Zegen mij met Uw genade, God - bewaar mij alstublieft en red mij! Nanak is een offer aan jou. ||5||

ਸਲੋਕ ॥
salok |

Salok:

ਗ੍ਰਿਹ ਰਚਨਾ ਅਪਾਰੰ ਮਨਿ ਬਿਲਾਸ ਸੁਆਦੰ ਰਸਹ ॥
grih rachanaa apaaran man bilaas suaadan rasah |

Ze zijn betrokken bij hun prachtige huizen en bij de geneugten van de verlangens van de geest.

ਕਦਾਂਚ ਨਹ ਸਿਮਰੰਤਿ ਨਾਨਕ ਤੇ ਜੰਤ ਬਿਸਟਾ ਕ੍ਰਿਮਹ ॥੧॥
kadaanch nah simarant naanak te jant bisattaa krimah |1|

Ze gedenken de Heer nooit tijdens meditatie; O Nanak, ze zijn als maden in de mest. ||1||

ਮੁਚੁ ਅਡੰਬਰੁ ਹਭੁ ਕਿਹੁ ਮੰਝਿ ਮੁਹਬਤਿ ਨੇਹ ॥
much addanbar habh kihu manjh muhabat neh |

Ze zijn verdiept in opzichtige vertoningen, liefdevol gehecht aan al hun bezittingen.

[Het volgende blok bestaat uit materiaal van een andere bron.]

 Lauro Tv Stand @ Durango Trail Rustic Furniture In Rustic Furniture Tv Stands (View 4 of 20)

ਸੋ ਸਾਂਈ ਜੈਂ ਵਿਸਰੈ ਨਾਨਕ ਸੋ ਤਨੁ ਖੇਹ ॥੨॥
so saanee jain visarai naanak so tan kheh |2|

Dat lichaam dat de Heer vergeet, O Nanak, zal tot as worden gereduceerd. ||2||

ਪਉੜੀ ॥
paurree |

Pauree:

ਸੁੰਦਰ ਸੇਜ ਅਨੇਕ ਸੁਖ ਰਸ ਭੋਗਣ ਪੂਰੇ ॥
sundar sej anek sukh ras bhogan poore |

Hij mag genieten van een mooi bed, talloze geneugten en allerlei soorten geneugten.

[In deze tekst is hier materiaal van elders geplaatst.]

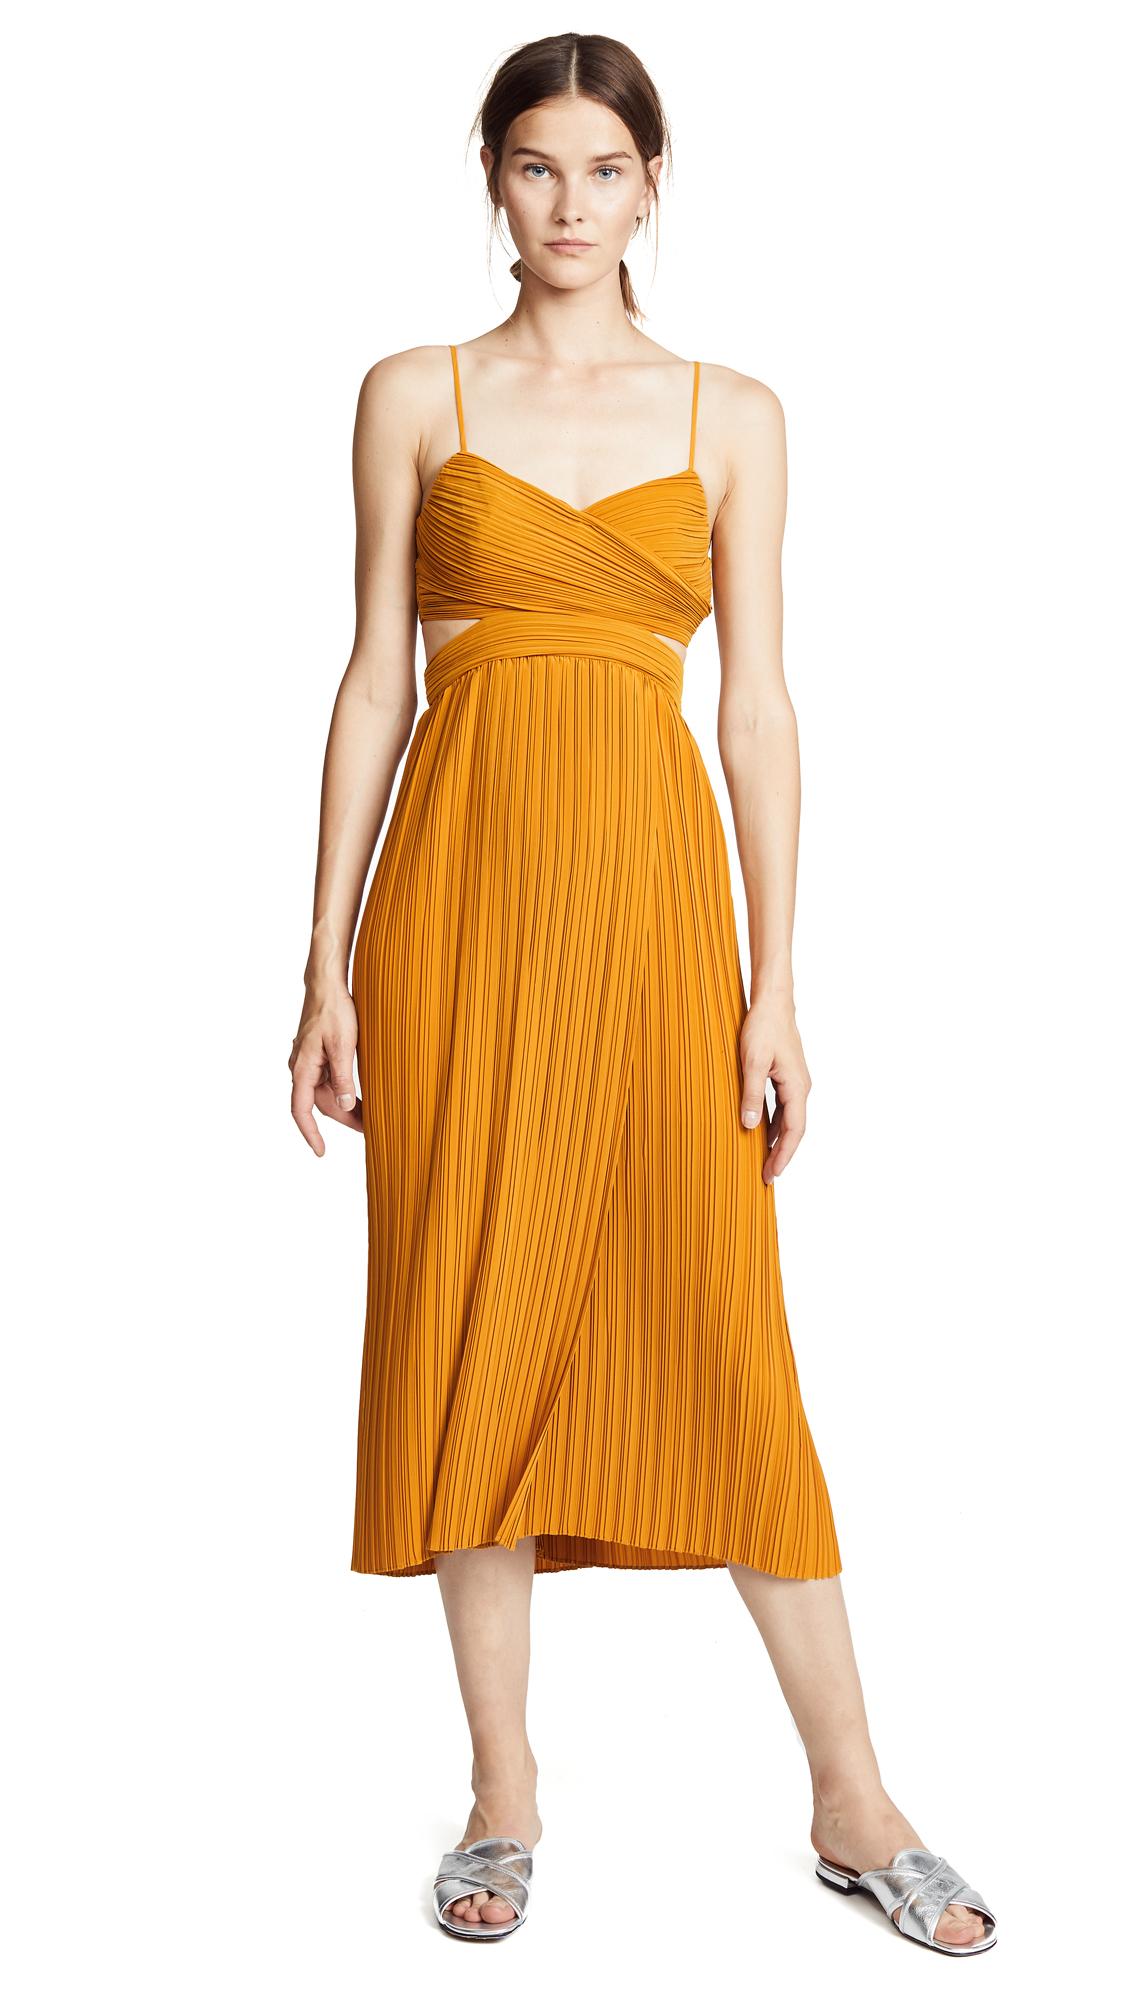 A.L.C. Sienna Dress In Marigold

ਗ੍ਰਿਹ ਸੋਇਨ ਚੰਦਨ ਸੁਗੰਧ ਲਾਇ ਮੋਤੀ ਹੀਰੇ ॥
grih soein chandan sugandh laae motee heere |

Hij kan huizen van goud bezitten, bezaaid met parels en robijnen, beplakt met geurige sandelhoutolie.

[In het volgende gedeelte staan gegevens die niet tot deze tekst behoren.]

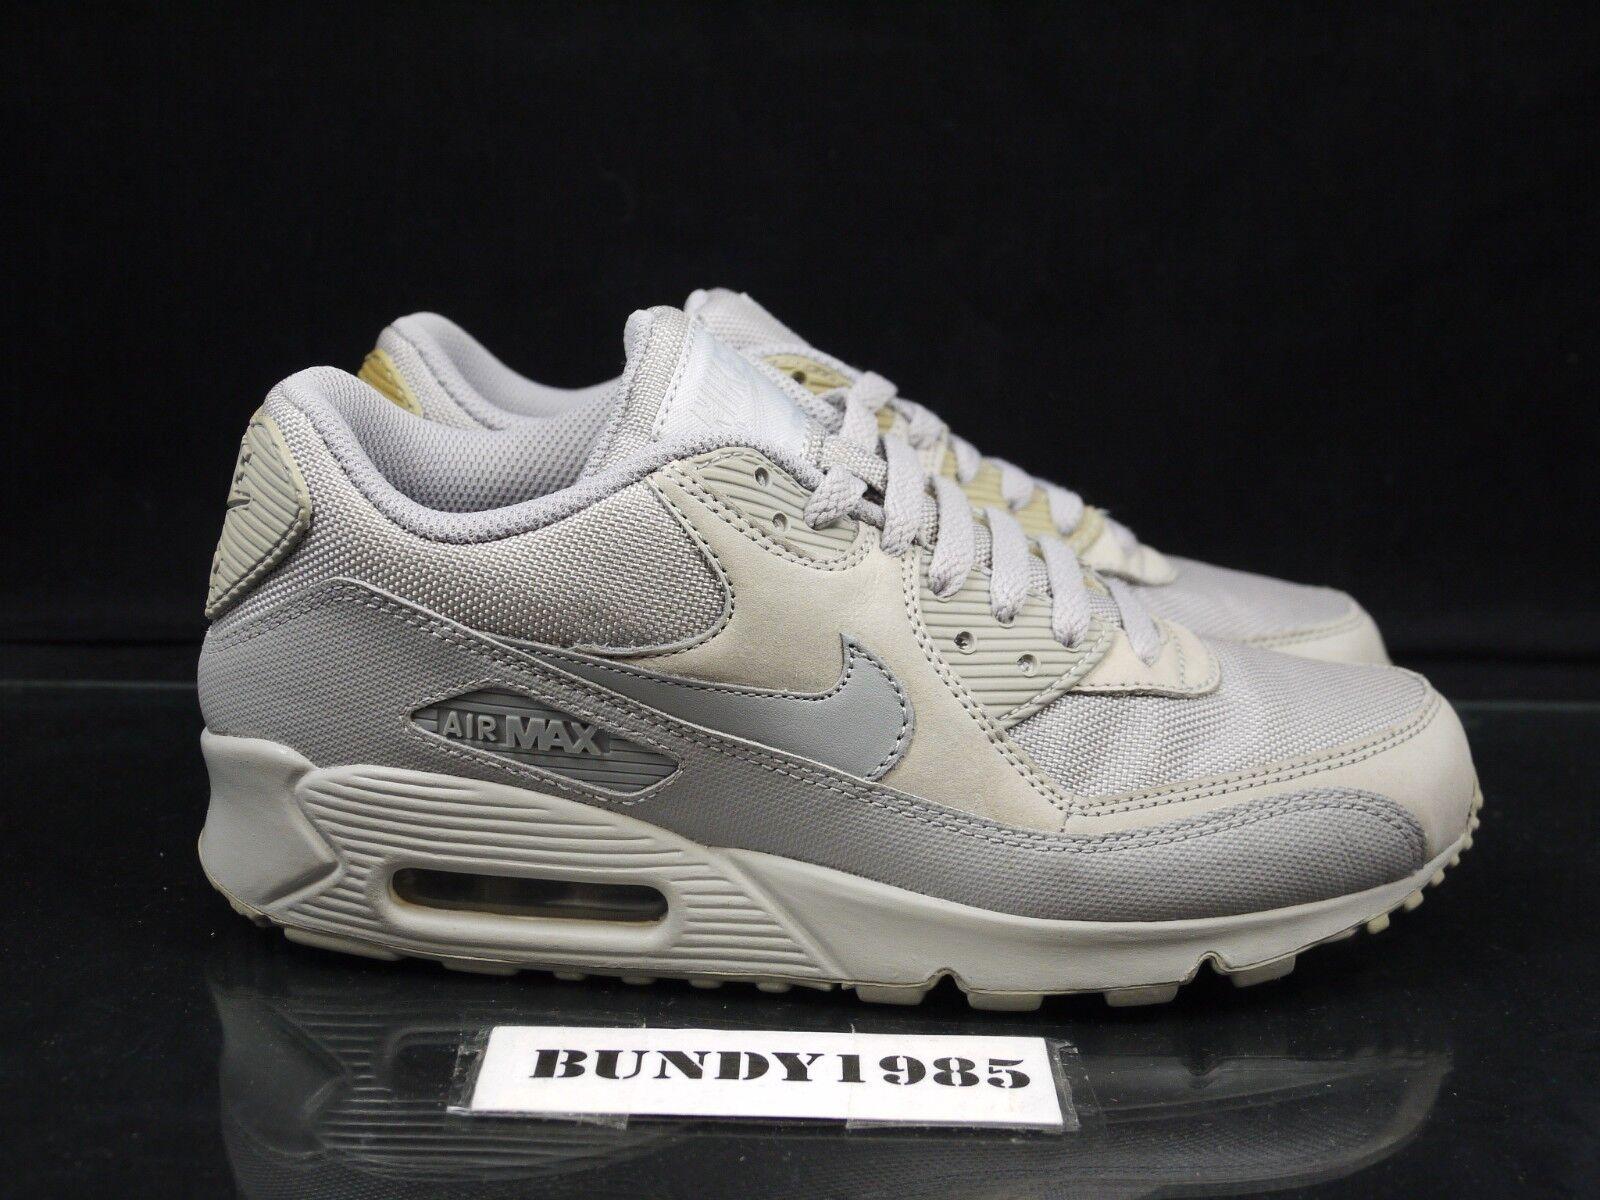 (P) 333888 002 Nike Air Max 90 Medio gris De De De Hombre Talla 8  Obtén lo ultimo

ਮਨ ਇਛੇ ਸੁਖ ਮਾਣਦਾ ਕਿਛੁ ਨਾਹਿ ਵਿਸੂਰੇ ॥
man ichhe sukh maanadaa kichh naeh visoore |

Hij kan genieten van de geneugten van de verlangens van zijn geest, zonder dat hij zich zorgen hoeft te maken.

ਸੋ ਪ੍ਰਭੁ ਚਿਤਿ ਨ ਆਵਈ ਵਿਸਟਾ ਕੇ ਕੀਰੇ ॥
so prabh chit na aavee visattaa ke keere |

Maar als hij zich God niet herinnert, is hij als een made in de mest.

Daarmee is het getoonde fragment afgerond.